The Puerto Rico Status Act ends the territorial status of Puerto Rico and provides for the voters of Puerto Rico to choose from three viable, non-territorial status options:
- independence
- free association
- statehood
We fully expect that Puerto Rico will once again choose statehood, as the voters have done in three referenda so far in the 21st century. However, the other two possibilities are legal under the U.S. Constitution. Independence would be the end of U.S. sovereignty over Puerto Rico and the end of the official relationship between the new republic of Puerto Rico and the United States. Like the Philippines, a former territory of the United States, Puerto Rico would be a fully independent sovereign country.
This is what HR8393 says about citizenship:
“Puerto Rico has full authority and responsibility over its citizenship and immigration laws, and birth in Puerto Rico or relationship to persons with statutory United States citizenship by birth in the former territory shall cease to be a basis for United States nationality or citizenship, except that persons who have such United States citizenship have a right to retain United States nationality and citizenship for life, by entitlement or election as provided by Federal law.”

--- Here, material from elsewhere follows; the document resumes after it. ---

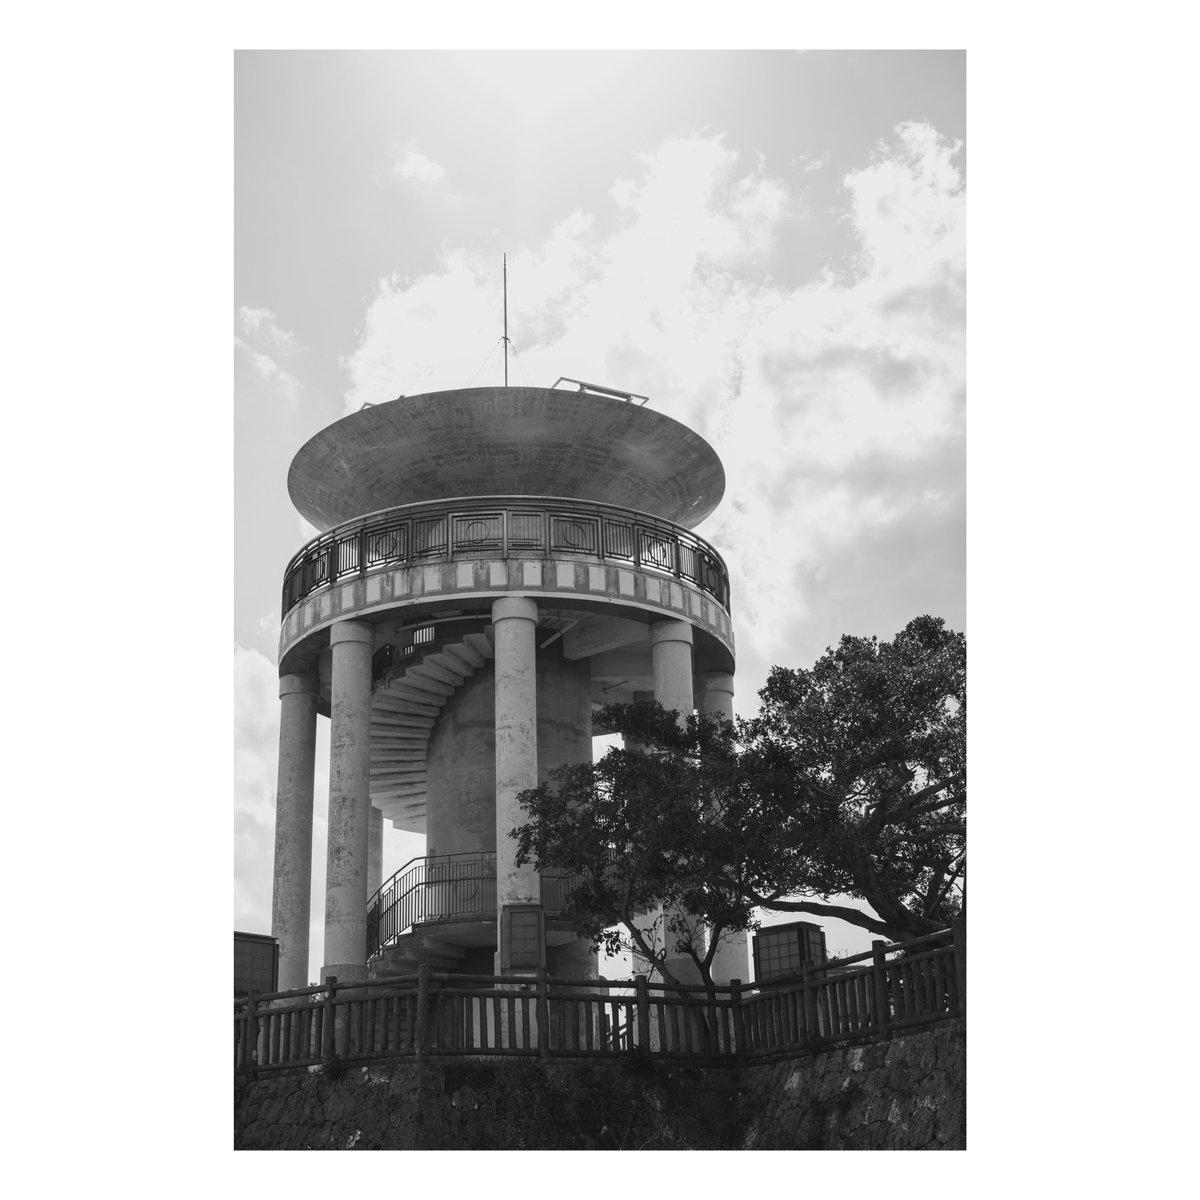 展望台。 #写真 #ファインダー越しの私の世界  #写真シェア #写真好きと繋がりたい #monochrome #モノクロ #モノクロの世界 #Nikon #Z6 #Z2470F4 #お写ん歩 #vsco

Free association would also result in a sovereign nation of Puerto Rico, and would include a special relationship with the United States. There are currently three nations in free association with the United States. None of the citizens of those countries are citizens of the United States, but they all have freedom to work and travel in the U.S. without a visa.
This is what The Puerto Rico Status Act says about citizenship under free association:
“Puerto Rico has full authority and responsibility over its citizenship and immigration laws, and persons who have United States citizenship have a right to retain United States nationality and citizenship for life by entitlement or election as provided by Federal law.”
Citizenship by election
Both statements about citizenship say that current U.S. citizens may keep their “United States nationality and citizenship for life by entitlement or election as provided by Federal law.”
Keeping citizenship by entitlement would mean that the federal government agrees that current U.S. citizens born in Puerto Rico are entitled to keep their U.S. citizenship even while becoming citizens of Puerto Rico. This is what supporters of free association for Puerto Rico talk about. Rep. Nydia Velazquez has said that guaranteed U.S. citizenship is the “bare minimum” that the U.S. government owes Puerto Rico.
But all sovereign nations have control over their own citizenship laws, and this is true of the United States as well. If Congress agrees that Puerto Ricans are entitled to keep their U.S. citizenship, that will be federal law.
The other option is citizenship by “election.” What would that mean?
“Election” in this case doesn’t refer to a political race with voting. It just means “choice.” We can look to history for an example of citizenship by election.
An example
In the early 1870s, Prussia took Alsaçe-Lorraine from France. Some of the people living in that border area were from French families and some were from German families, and Prussia (now part of Germany) said that the people living there when the political status changed could choose their citizenship: they could become German citizens, or they could remain French citizens.
They did not get the option of keeping both citizenships.
The Alsatians were required to decide within two years which citizenship they wanted. They could opt for either one just by declaring their choice to the mayor of the city where they lived. They could opt for either, and those who chose to remain French were called “optants,” or “choosers” in French.
Those who were under 18 would make their choices on their 18th birthday.
The change of political status for Alsaçe-Lorraine was not pleasant or peaceful, and Germany required the optants to leave. They had to go to France to live. The law covered many details, such as what would happen if a member of one army chose citizenship in the other nation (they could leave the army) and a promise not to punish people for their decisions.
The United States has never had citizenship by election, but the U.S. could require that a person born inn Puerto Rico decide between being a citizen of the new Republic of Puerto Rico or a citizen of the United States. Puerto Rico could make the same requirement.
Puerto Rico could also determine that people who chose to remain U.S. citizens would have to leave Puerto Rico.
Would this happen?
This might not be the way citizenship laws work out in the United States and Puerto Rico if Puerto Rico were to choose independence or free association. It is the historical example we found.